Que ne se presse-t-on pas au chevet du capitalisme ! Tous les « Docteur es… » se penchent sur le grand corps malade et nauséeux. Les coupables ont été identifiés ! Victoire ! Paradis fiscaux et « traders » sont les points « G » de nos malheurs. Parole de « G » 20 !

Rassurons, rassurons ! La réalité ? Corruption, falsification de comptes, pratiques illégales en tout genre sont le lot commun de près de la moitié des entreprises de plus 1000 salariés !
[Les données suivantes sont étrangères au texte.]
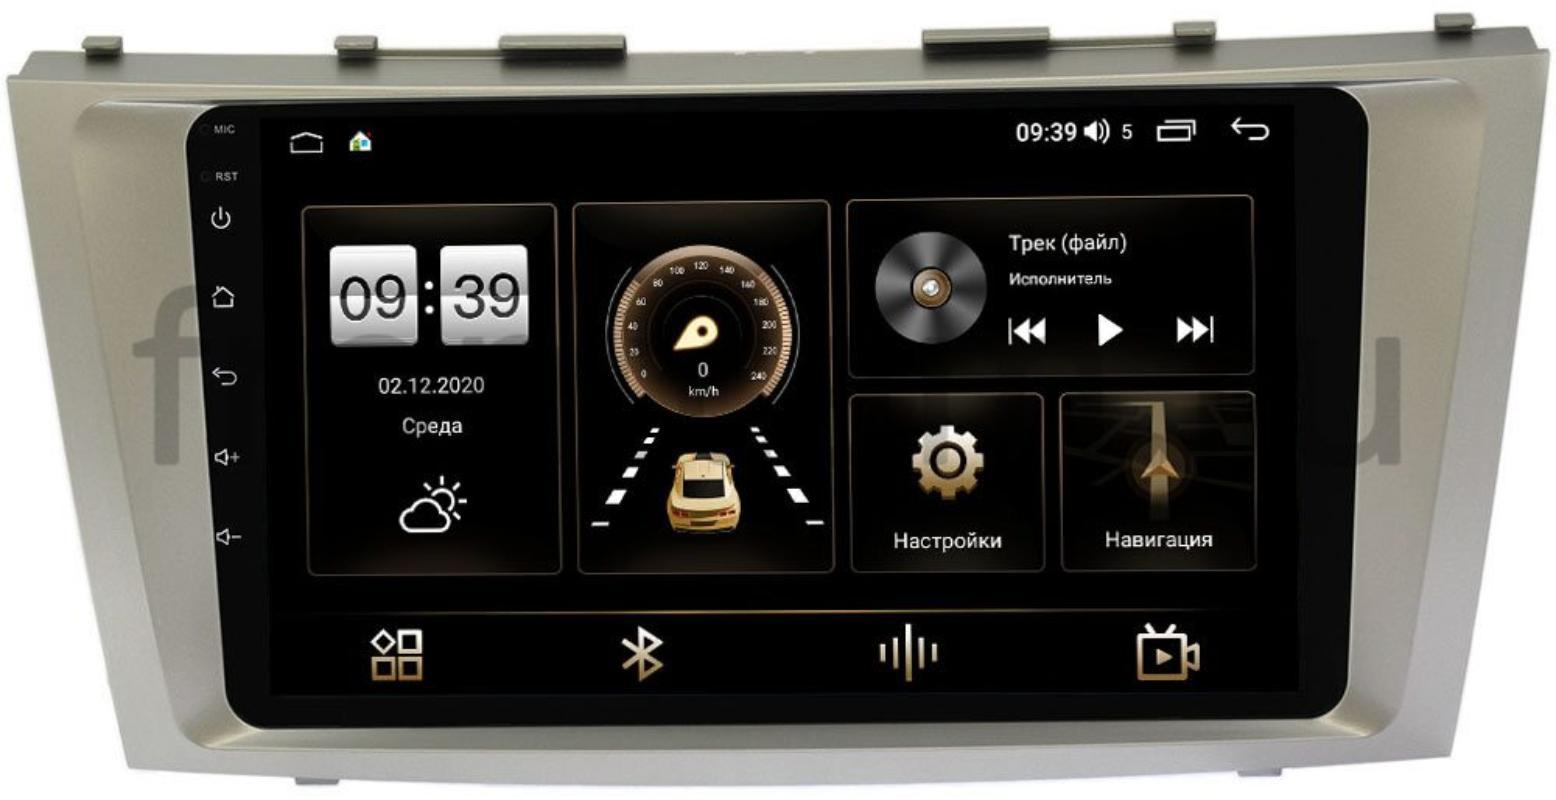 Штатная магнитола Toyota Camry V40 2006-2011 LeTrun 4196-9037 на Android 10 (6/128, DSP, QLed) С оптическим выходом (+ Камера заднего вида в подарок!)

La cinquième édition de l’étude du groupe d’audit « PricewaterhouseCoopers » portant sur le risque de fraude en entreprise, étude à laquelle a collaboré les étudiants de l’Insead, fait apparaître que 46% du total des entreprises de plus de 1000 employés ont, au moins, déclaré une fraude ces douze derniers moins. Ce, dans le monde, et l’étude fait valoir que la France s’inscrit dans ces même proportions…

Il va de soi que le coupable est tout désigné : la crise bien sûr !

La crise soumettrait les employés à plus de pression et les pousserait au mensonge pour embellir leurs résultats. Des résultats dont dépendent les parts variables des rémunérations…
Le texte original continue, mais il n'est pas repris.